# lurcher people... collar/harness



## MrVelvet (2 September 2011)

as title really! she gets really excited on the lead and has such a tiny delicate neck!! she has a special hound collar but Im wondering if a harness may be better? 

any advice muchly appreciated!


----------



## Foxyfilly (2 September 2011)

I have these,

http://dog-games-shop.co.uk/harnesses-fleece-lined


----------



## MrVelvet (3 September 2011)

Thankyou  I think Il use a harness for now, shes so wriggly Im just scared of hurting her neck!


----------



## EAST KENT (3 September 2011)

They do very nice wide cloth collars for lurchers, it would be very undignified for her to be in a harness and it is`nt necessary at all.
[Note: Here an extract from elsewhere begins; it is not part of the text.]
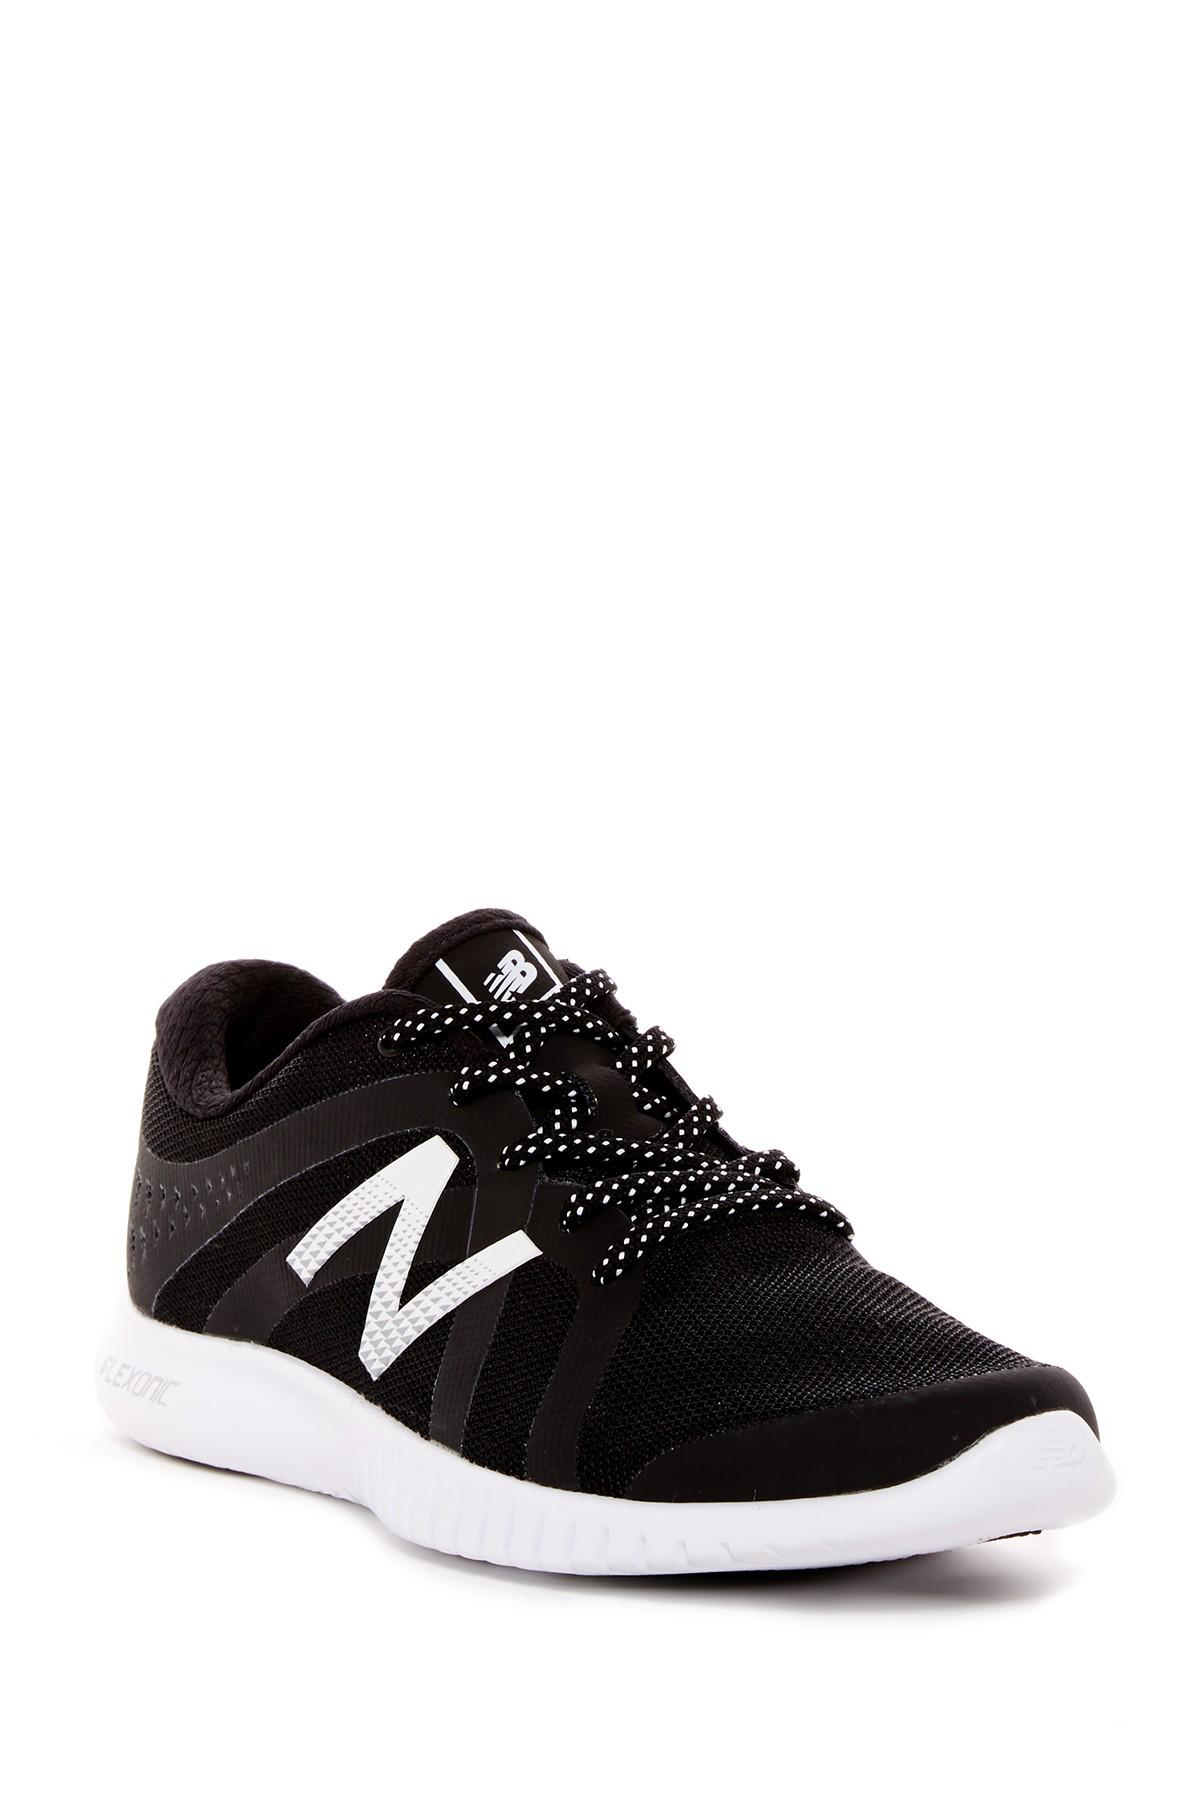 New Balance Brown Wide Shoe Mesh
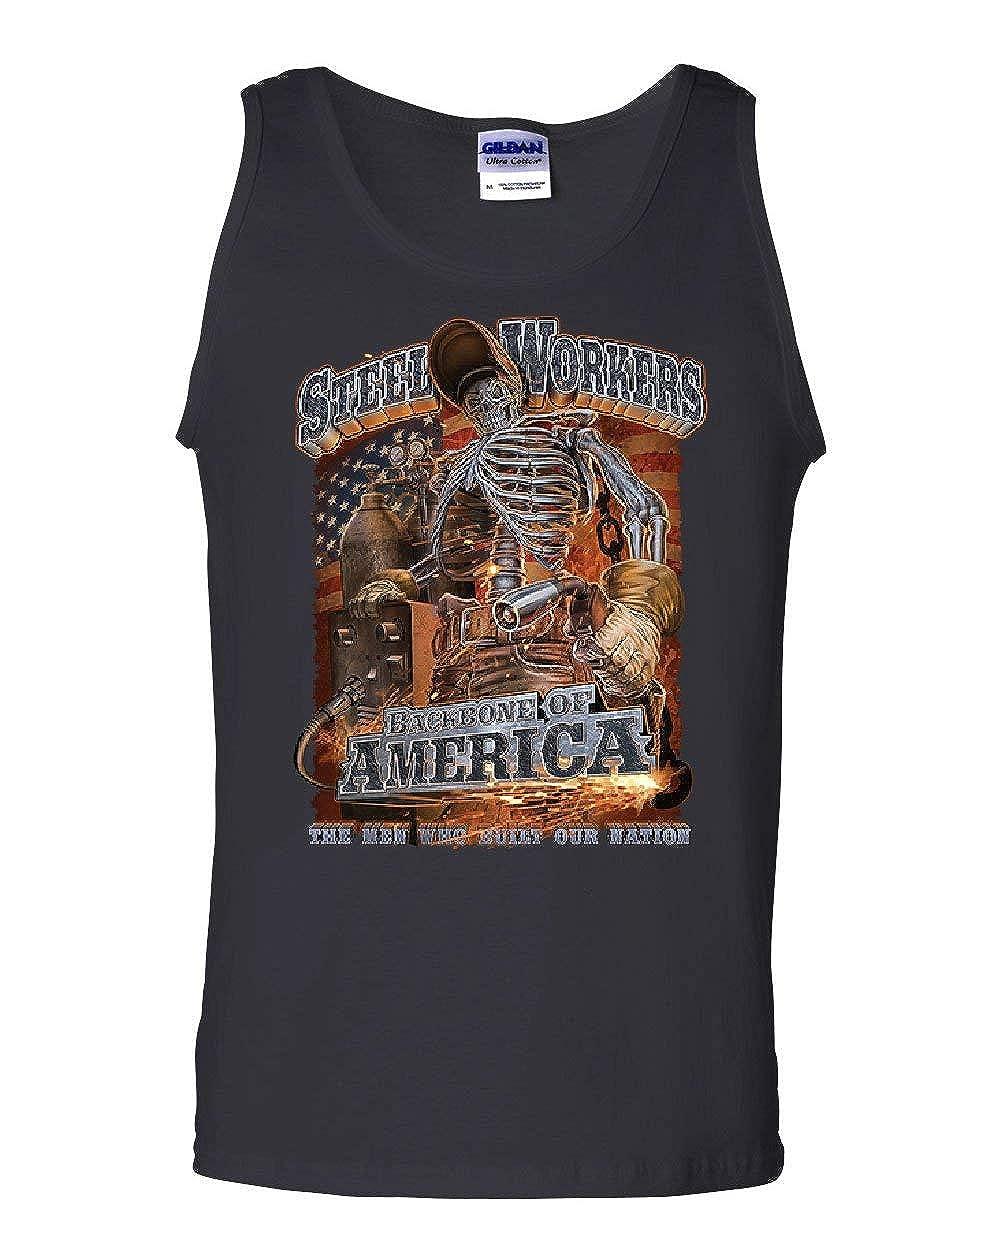 Steel Workers Backbone of America Tank Top Welding Iron Metal Sleeveless

Those necks are not nearly as fragile as many think.


----------



## MrVelvet (3 September 2011)

EAST KENT said:



			undignified
		
Click to expand...

you havent seen how she sleeps :O hmm fair point! and OH did mention if she happens to need a coat in winter harness may inhibit this, also he said it might rub.. which is also a fair point as she has very pink skin! I think I'll stick it out with her collar and see how it goes. Shes gaining more manners every day


----------



## Oneofthepack (3 September 2011)

I use martingale collars for mine (tap it into Google and you'll get loads of suppliers) They are soft fabric and wide, can be adjusted as she grows and close just tight enough to stop their pin heads escaping but not too tight that they hurt themselves...and they come in pink for girls! They are only for walking though so she'll still need another little collar for her ID disc.


----------



## Foxyfilly (3 September 2011)

EAST KENT said:



			They do very nice wide cloth collars for lurchers, it would be very undignified for her to be in a harness and it is`nt necessary at all. Those necks are not nearly as fragile as many think.
		
Click to expand...


Undignified? There is always one isnt there!


----------



## ChesnutsRoasting (3 September 2011)

EAST KENT said:



			They do very nice wide cloth collars for lurchers, it would be very undignified for her to be in a harness and it is`nt necessary at all. Those necks are not nearly as fragile as many think.
		
Click to expand...

I agree - I hate seeing sighthounds in harnesses, unnecessary as you say. Better to go for a Halti if she is a serious puller. Fishtail collar (you can get a nice padded one if she is a smoothy) when she has learnt some manners


----------



## Foxyfilly (3 September 2011)

My lurcher wears one occasionally when he's on a long line, if he was wearing a collar and took off at speed there is a possibility he could break his neck.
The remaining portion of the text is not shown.